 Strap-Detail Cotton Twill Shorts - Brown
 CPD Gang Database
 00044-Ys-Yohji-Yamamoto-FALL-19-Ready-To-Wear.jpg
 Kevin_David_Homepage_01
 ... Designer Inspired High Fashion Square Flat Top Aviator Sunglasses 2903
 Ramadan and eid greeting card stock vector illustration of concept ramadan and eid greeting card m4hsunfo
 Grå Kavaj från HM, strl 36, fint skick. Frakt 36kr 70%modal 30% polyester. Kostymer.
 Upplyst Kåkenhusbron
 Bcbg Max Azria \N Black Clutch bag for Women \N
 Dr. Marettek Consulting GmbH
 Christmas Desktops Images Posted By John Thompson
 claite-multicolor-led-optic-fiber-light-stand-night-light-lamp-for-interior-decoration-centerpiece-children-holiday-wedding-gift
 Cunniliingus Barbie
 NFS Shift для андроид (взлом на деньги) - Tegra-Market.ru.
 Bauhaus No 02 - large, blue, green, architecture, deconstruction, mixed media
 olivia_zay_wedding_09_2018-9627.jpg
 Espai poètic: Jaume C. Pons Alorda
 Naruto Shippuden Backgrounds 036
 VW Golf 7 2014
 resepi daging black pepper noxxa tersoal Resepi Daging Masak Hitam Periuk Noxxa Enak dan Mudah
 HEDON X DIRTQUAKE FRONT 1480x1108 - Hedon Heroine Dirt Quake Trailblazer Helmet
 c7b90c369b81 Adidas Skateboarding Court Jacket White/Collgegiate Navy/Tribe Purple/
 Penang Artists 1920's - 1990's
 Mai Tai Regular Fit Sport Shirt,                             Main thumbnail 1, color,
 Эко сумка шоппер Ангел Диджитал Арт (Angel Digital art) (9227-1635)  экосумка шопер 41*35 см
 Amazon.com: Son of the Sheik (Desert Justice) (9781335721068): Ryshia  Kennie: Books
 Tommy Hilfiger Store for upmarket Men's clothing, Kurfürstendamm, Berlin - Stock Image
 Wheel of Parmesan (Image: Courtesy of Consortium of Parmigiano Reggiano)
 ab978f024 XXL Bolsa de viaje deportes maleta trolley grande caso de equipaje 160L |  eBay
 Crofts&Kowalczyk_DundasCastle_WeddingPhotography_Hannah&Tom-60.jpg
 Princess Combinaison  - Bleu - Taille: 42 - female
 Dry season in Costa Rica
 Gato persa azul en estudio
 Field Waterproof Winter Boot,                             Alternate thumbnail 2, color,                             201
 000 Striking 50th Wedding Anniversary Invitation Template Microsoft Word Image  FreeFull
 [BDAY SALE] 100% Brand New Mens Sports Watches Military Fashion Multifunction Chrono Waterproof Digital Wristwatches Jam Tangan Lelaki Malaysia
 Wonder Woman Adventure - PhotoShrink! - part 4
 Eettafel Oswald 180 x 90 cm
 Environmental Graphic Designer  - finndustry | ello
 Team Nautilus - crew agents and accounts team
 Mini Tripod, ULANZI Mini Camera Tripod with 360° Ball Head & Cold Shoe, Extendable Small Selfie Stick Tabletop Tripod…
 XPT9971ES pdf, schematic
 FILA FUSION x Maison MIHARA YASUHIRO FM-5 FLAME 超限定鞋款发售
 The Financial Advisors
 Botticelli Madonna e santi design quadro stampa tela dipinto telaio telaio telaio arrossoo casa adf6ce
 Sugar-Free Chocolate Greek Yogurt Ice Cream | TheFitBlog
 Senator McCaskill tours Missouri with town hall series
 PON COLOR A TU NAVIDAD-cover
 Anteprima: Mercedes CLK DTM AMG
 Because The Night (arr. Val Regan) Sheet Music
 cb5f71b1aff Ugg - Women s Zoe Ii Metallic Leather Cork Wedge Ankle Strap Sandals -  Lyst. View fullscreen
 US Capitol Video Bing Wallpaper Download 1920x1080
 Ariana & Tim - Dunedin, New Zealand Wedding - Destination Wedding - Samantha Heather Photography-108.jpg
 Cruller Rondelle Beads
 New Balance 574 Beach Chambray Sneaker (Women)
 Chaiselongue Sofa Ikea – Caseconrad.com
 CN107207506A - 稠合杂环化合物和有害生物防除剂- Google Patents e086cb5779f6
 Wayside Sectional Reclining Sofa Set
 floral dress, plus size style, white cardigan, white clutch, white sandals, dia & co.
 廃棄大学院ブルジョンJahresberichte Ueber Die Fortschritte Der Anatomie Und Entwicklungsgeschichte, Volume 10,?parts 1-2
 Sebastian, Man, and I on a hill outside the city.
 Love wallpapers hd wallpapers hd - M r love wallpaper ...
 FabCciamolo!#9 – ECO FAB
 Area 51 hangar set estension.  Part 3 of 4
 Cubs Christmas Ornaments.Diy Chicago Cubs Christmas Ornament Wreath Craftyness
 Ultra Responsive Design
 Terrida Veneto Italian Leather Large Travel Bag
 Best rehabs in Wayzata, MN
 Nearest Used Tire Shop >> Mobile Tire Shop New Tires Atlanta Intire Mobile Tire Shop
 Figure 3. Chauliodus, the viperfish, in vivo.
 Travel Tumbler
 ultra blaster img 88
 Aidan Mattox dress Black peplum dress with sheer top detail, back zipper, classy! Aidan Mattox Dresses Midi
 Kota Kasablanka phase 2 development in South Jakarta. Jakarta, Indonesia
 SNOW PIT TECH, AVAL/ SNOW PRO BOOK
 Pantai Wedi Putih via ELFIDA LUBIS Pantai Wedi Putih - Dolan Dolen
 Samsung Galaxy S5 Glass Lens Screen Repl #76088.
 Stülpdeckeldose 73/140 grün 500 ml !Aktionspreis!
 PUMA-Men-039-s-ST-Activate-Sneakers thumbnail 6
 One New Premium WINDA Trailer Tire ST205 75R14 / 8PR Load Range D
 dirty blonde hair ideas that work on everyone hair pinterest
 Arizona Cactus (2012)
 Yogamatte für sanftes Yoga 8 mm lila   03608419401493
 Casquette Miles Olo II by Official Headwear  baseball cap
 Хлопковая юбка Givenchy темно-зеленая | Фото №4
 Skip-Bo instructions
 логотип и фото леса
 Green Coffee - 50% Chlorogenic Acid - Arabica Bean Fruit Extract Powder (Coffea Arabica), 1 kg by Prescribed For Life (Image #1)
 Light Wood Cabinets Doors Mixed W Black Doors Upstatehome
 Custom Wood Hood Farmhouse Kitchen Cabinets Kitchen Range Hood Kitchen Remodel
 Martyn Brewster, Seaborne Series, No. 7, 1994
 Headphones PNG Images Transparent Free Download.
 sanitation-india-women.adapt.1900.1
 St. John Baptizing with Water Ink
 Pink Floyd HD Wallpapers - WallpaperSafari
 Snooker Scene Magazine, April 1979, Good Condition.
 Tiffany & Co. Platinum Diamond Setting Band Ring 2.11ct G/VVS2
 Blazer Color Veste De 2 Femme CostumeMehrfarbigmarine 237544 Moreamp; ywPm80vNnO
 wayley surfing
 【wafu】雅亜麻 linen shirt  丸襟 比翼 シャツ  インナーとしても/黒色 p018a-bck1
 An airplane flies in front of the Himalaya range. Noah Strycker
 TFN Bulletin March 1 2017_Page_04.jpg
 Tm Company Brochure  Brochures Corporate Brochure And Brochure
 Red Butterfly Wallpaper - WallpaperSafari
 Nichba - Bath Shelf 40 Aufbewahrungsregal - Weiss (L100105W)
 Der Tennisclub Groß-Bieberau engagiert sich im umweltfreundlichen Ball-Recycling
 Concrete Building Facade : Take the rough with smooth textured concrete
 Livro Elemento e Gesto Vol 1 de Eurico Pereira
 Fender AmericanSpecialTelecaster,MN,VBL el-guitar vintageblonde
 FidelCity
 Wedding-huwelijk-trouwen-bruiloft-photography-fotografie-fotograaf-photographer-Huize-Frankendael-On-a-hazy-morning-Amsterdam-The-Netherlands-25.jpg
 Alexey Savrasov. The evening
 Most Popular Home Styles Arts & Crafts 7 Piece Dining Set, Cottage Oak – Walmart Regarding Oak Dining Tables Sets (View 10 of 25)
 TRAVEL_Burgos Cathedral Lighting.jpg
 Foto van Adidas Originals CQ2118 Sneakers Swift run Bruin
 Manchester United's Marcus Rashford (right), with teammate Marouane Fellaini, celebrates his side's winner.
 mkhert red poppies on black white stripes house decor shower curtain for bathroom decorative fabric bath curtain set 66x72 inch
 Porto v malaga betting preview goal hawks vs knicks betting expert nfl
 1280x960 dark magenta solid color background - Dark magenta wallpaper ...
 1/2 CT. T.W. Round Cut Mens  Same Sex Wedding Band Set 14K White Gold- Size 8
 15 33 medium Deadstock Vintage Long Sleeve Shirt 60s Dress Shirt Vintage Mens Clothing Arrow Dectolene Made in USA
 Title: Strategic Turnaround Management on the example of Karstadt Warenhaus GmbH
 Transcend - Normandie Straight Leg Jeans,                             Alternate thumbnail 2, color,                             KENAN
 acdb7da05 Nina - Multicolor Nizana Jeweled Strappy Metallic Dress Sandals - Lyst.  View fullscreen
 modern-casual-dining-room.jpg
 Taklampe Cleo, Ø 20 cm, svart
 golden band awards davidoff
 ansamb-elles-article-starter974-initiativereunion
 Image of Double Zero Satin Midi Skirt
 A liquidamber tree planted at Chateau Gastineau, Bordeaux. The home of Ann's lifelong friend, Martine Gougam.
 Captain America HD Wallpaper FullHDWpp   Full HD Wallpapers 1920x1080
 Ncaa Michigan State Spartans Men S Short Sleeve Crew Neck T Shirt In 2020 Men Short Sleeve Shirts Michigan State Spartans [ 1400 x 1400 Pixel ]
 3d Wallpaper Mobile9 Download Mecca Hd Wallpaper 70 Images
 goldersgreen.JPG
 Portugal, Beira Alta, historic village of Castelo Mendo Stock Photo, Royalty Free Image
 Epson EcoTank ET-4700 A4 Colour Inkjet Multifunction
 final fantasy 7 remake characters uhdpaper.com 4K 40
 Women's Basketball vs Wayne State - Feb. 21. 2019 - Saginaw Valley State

◆ **Directions for this task**:
In the listing above, find the line holding "Anteprima: Mercedes CLK DTM AMG" and the line holding "Terrida Veneto Italian", then output those two lines and every line between them exactly.

◆ **The answer**:
 Anteprima: Mercedes CLK DTM AMG
 Because The Night (arr. Val Regan) Sheet Music
 cb5f71b1aff Ugg - Women s Zoe Ii Metallic Leather Cork Wedge Ankle Strap Sandals -  Lyst. View fullscreen
 US Capitol Video Bing Wallpaper Download 1920x1080
 Ariana & Tim - Dunedin, New Zealand Wedding - Destination Wedding - Samantha Heather Photography-108.jpg
 Cruller Rondelle Beads
 New Balance 574 Beach Chambray Sneaker (Women)
 Chaiselongue Sofa Ikea – Caseconrad.com
 CN107207506A - 稠合杂环化合物和有害生物防除剂- Google Patents e086cb5779f6
 Wayside Sectional Reclining Sofa Set
 floral dress, plus size style, white cardigan, white clutch, white sandals, dia & co.
 廃棄大学院ブルジョンJahresberichte Ueber Die Fortschritte Der Anatomie Und Entwicklungsgeschichte, Volume 10,?parts 1-2
 Sebastian, Man, and I on a hill outside the city.
 Love wallpapers hd wallpapers hd - M r love wallpaper ...
 FabCciamolo!#9 – ECO FAB
 Area 51 hangar set estension.  Part 3 of 4
 Cubs Christmas Ornaments.Diy Chicago Cubs Christmas Ornament Wreath Craftyness
 Ultra Responsive Design
 Terrida Veneto Italian Leather Large Travel Bag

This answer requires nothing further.